In several articles of this blog, we have discussed topics concerning the types of genetic diseases, including recessive diseases and their consideration mostly as rare diseases. We have also discussed the criteria to be followed when designing a panel for carrier screening analysis, where it was emphasized that the criteria for inclusion of diseases in carrier test panels are not completely closed, leaving room for the interpretation of each laboratory as to which diseases are considered severe or which affected systems are relevant when establishing this severity or the precocity of the age of onset. All this causes the existence of different panels with the same purpose, to determine the carrier status of recessive diseases in people willing to start a reproductive project.
As to the question of whether the different panels available are equal, the answer depends on the point of view according to which equivalence is interpreted. From a more general point of view, understanding equivalence as “same purpose”, the answer is yes. The different recessive disease carrier tests performed by genetic laboratories have the same purpose: to determine the carrier status of the person tested for recessive diseases in order to compare the results with those of his or her reproductive partner, thus allowing preventive decisions to be made about the diseases tested prior to or during pregnancy.

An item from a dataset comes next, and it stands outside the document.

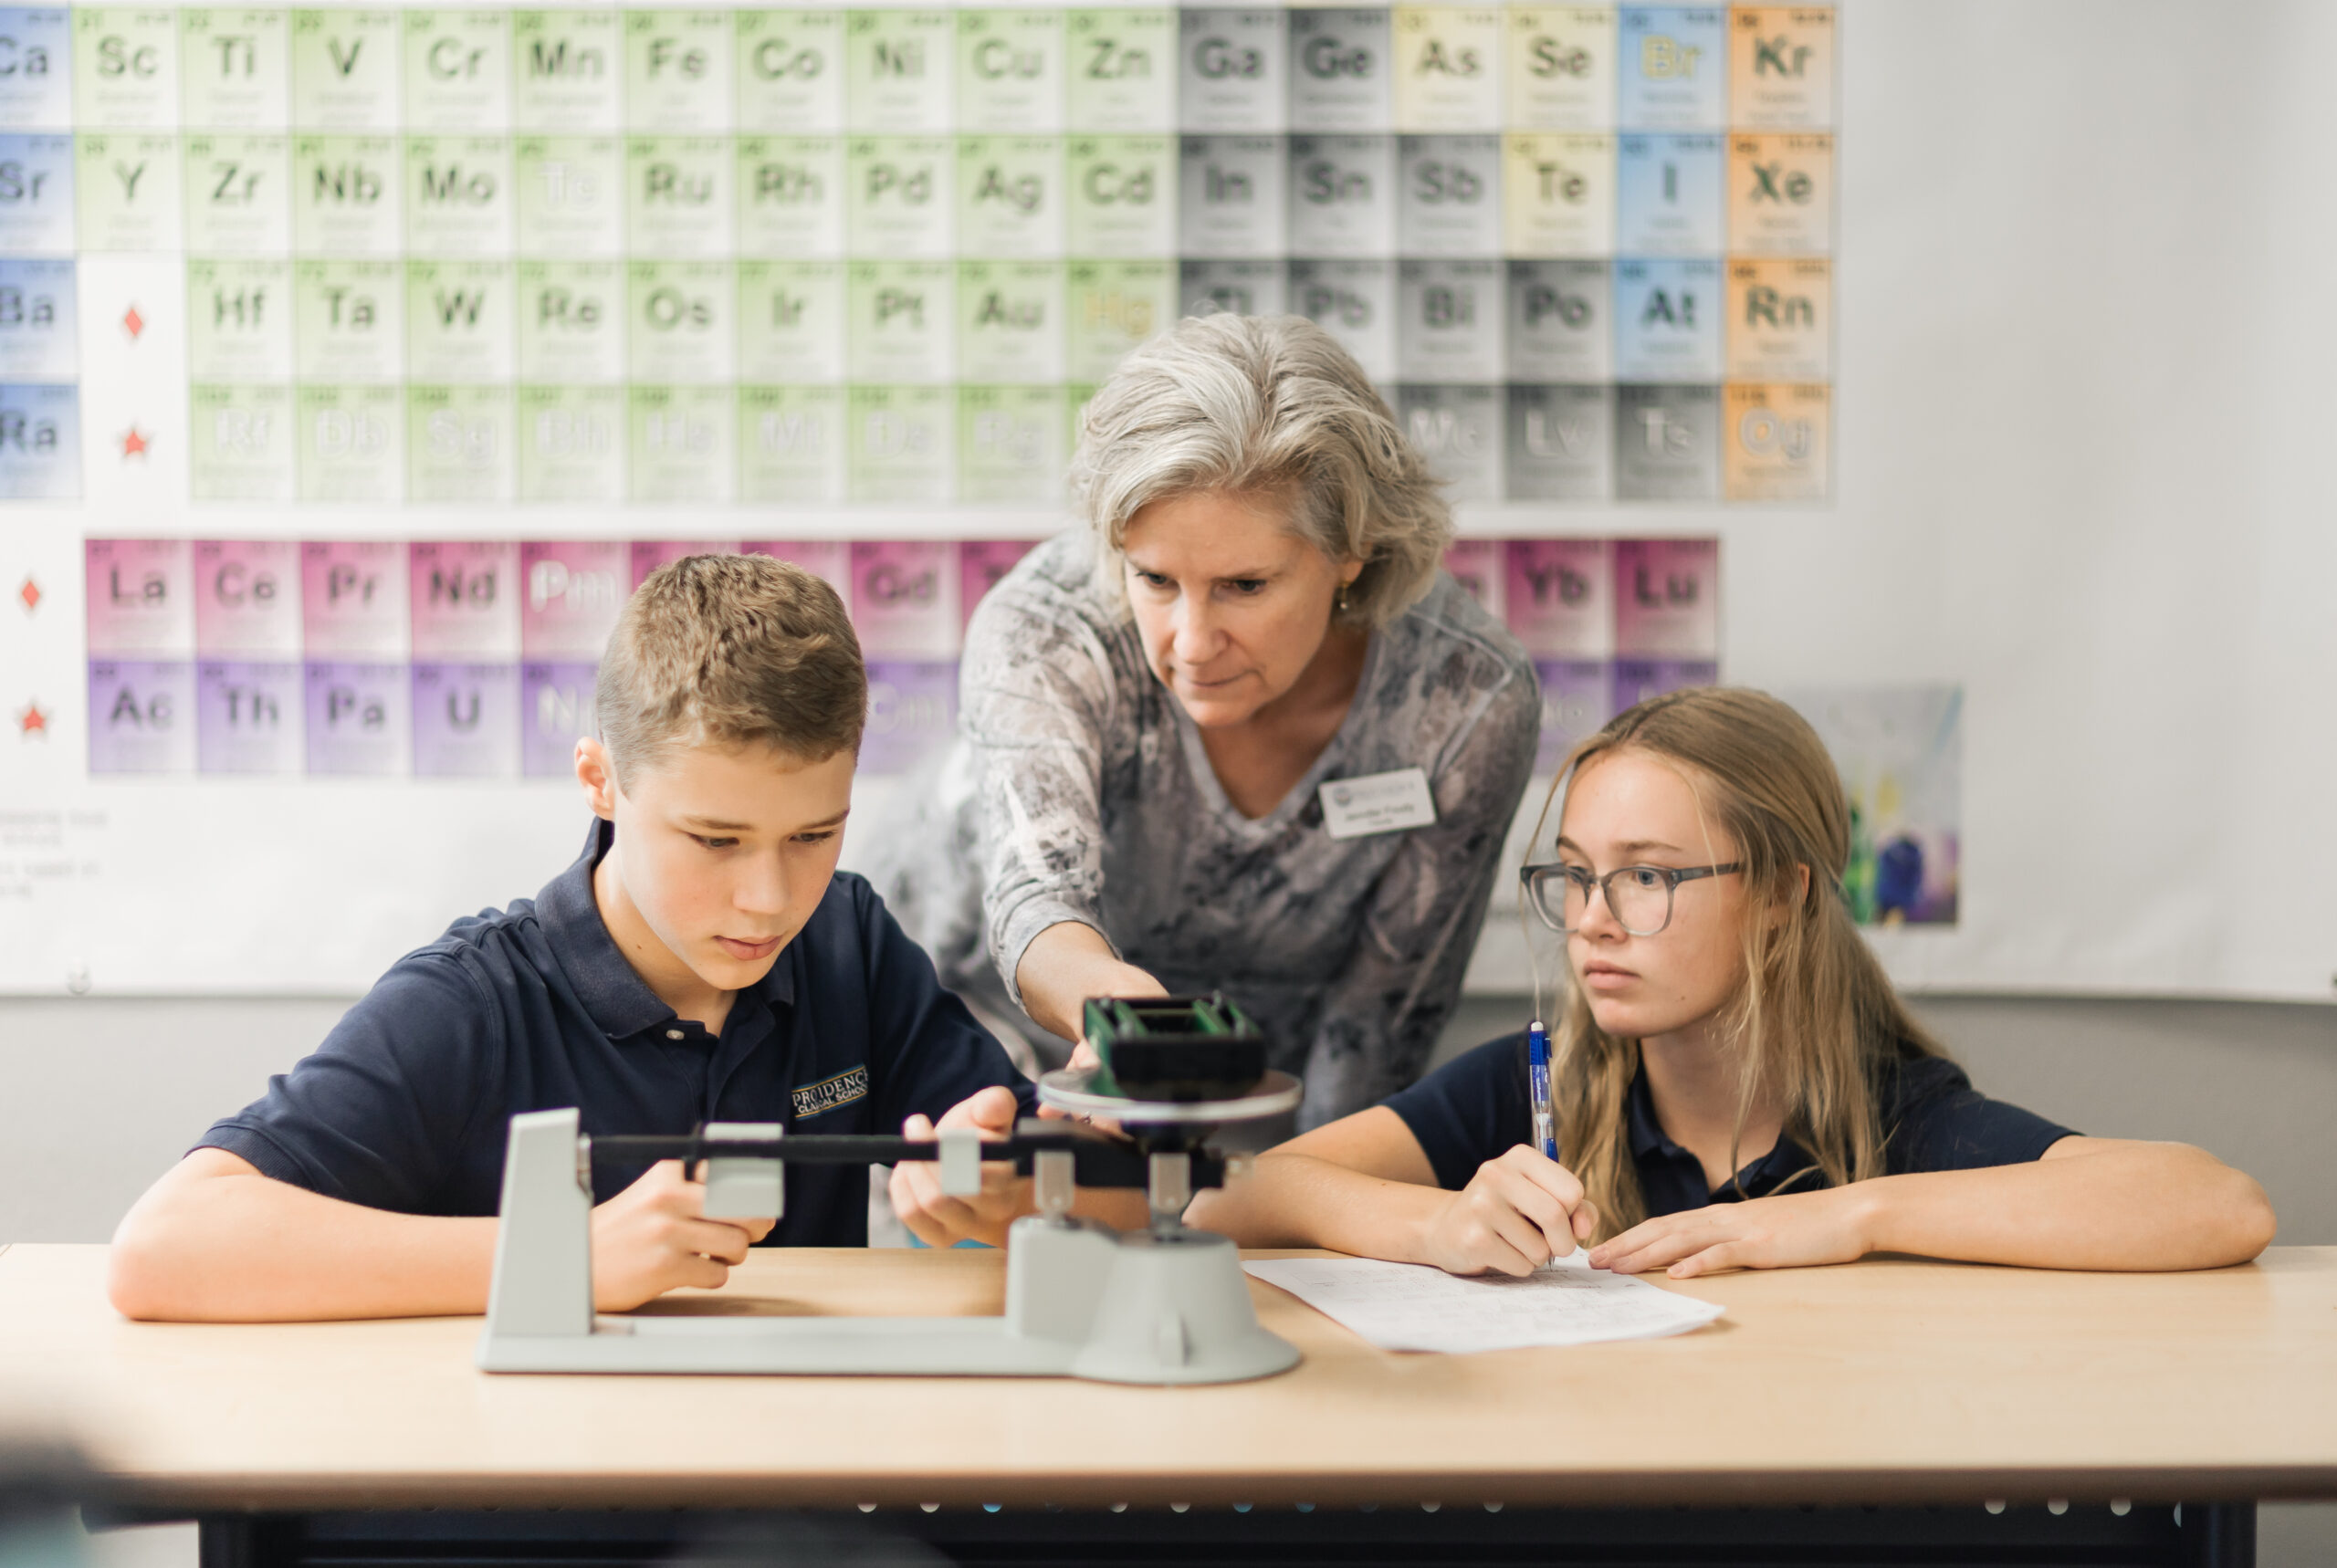 Physical Science students at Providence Classical School in Spring, TX, work with their teacher to measure the mass of an object using a scale.

From a more concrete point of view, regarding whether the panels are compatible with each other when it comes to compatibility of the results, the answer is less categorical, depending on the results obtained by each person. That is to say, if a person, let us suppose her name is Maria, takes a carrier test and is identified as a carrier of only one disease that is included in all the carrier test panels (such as Cystic Fibrosis) then theoretically Maria’s analysis would be compatible with all the carrier tests given that her reproductive partner will have been tested for the disease of interest, whatever his carrier test may be. However, compatibility must be made taking into account the results of both patients. If the diseases for which Maria’s partner, let’s assume her name is Juan, are not included in the test performed on Maria, then the two tests would be incompatible and to determine the reproductive risk of the diseases identified in Juan it would be necessary to perform a new test on Maria to determine if she is a carrier of those diseases.

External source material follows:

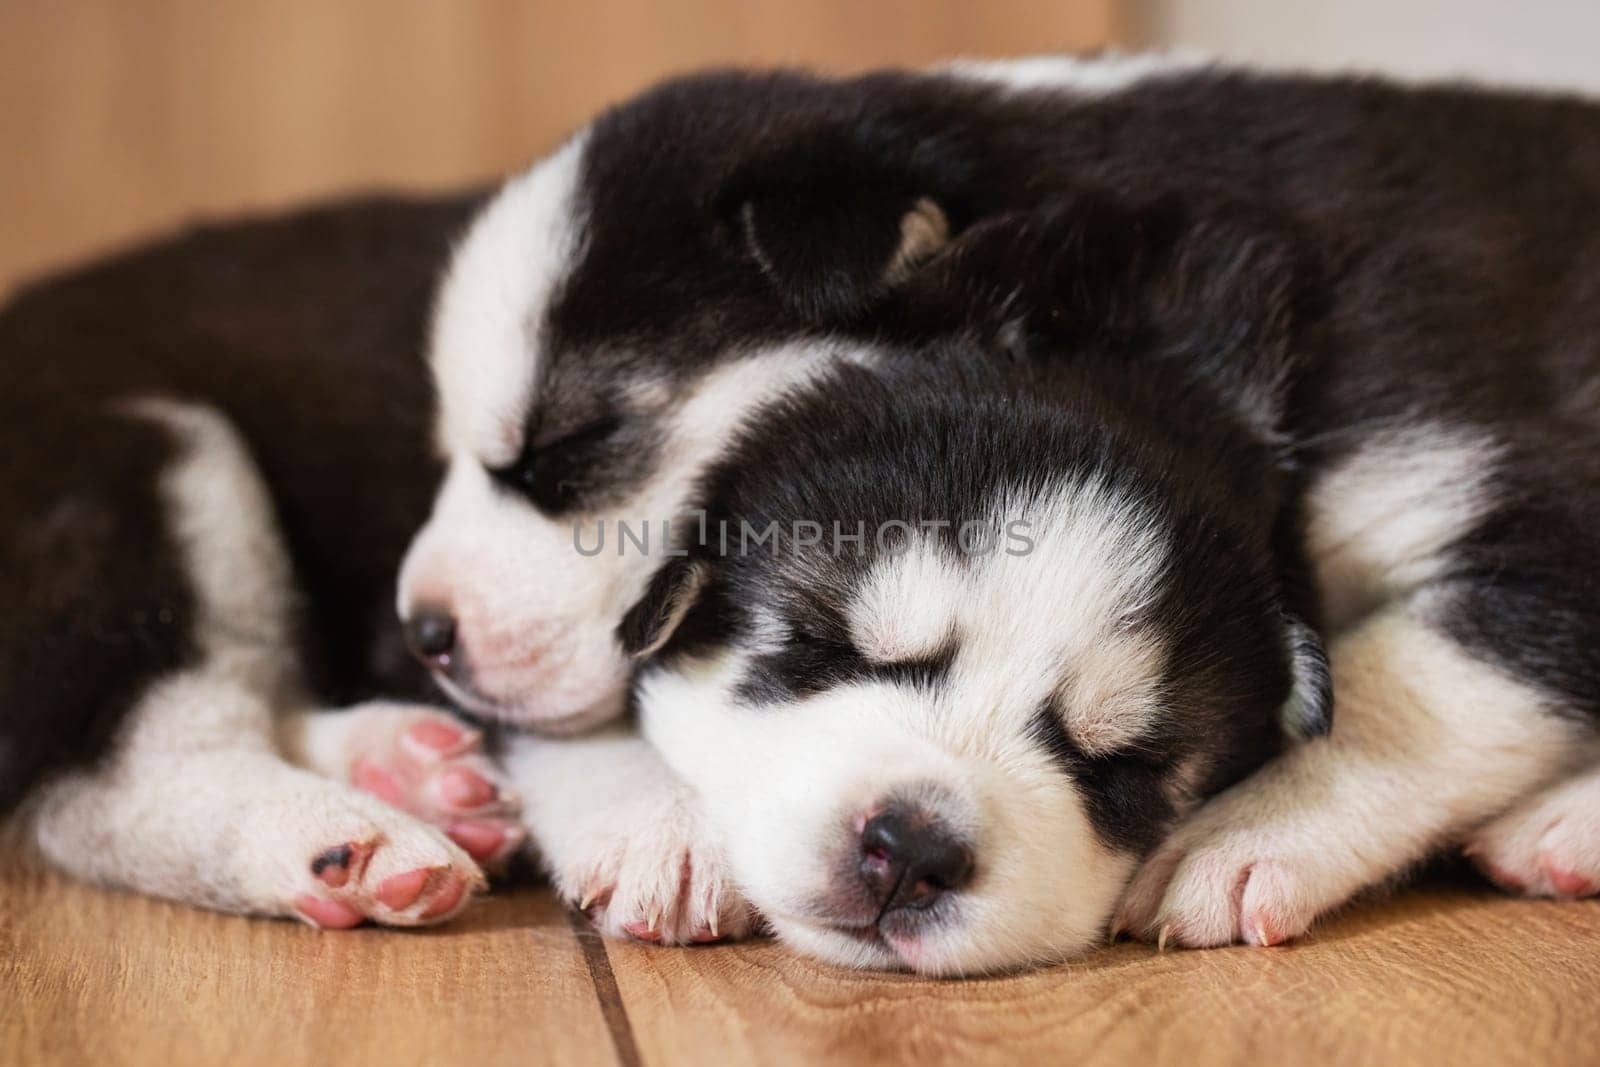 Black and white husky puppies resting on the floor in a house or apartment by andreyz

Consequently, the compatibility between different carrier tests depends on the results obtained by each member of the couple, given that when analyzing different diseases, there is the possibility that the design of the carrier test performed includes the analysis of the genes of interest (as in the case of the test performed on Juan for his compatibility with María) or that in the design of the test it was determined that a certain disease did not meet the criteria recommended by scientific societies for the design of carrier screening test panels (as in the case of the test performed on María for her compatibility with Juan).

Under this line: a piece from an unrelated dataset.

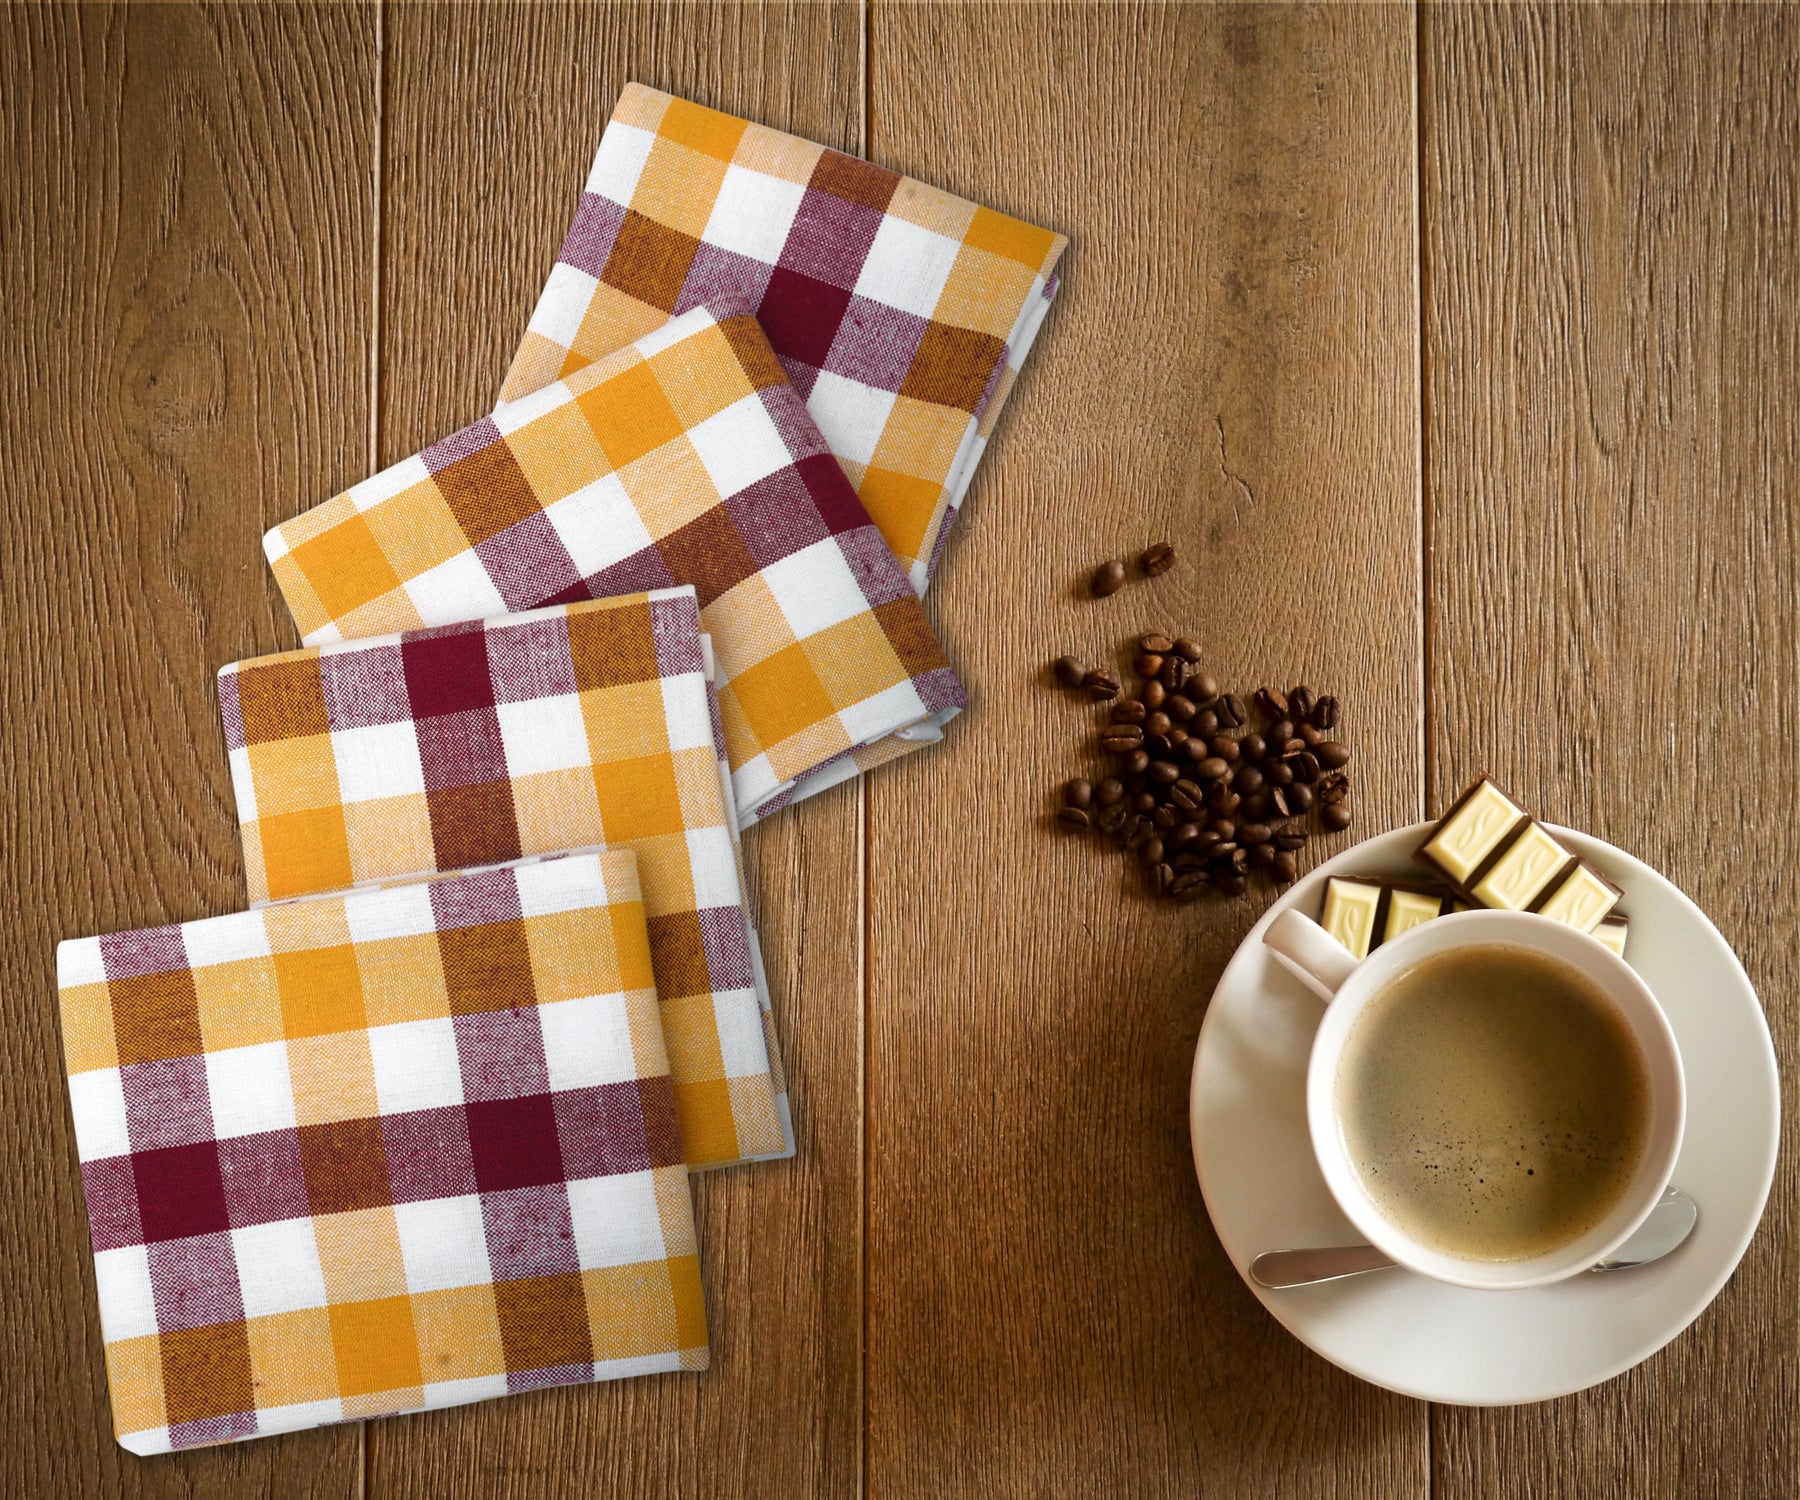 Kitchen tea towels are a versatile kitchen essential. They can be used for drying dishes, wiping counters, or even as a potholder.

Therefore, it is important to take into account different criteria when choosing a carrier test, among which, in case a member of the couple has already undergone a test, it is important to assess the compatibility between different panels in order to reduce the chances of having to perform new tests to determine the risk of offspring affected by the diseases tested. If the purpose of the tests is taken into account, another important consideration is to ensure that the test chosen is aimed at reducing the risk of offspring affected by recessive diseases in order to avoid those tests which, although genetic, do not have this as their main purpose and, consequently, do not achieve this objective.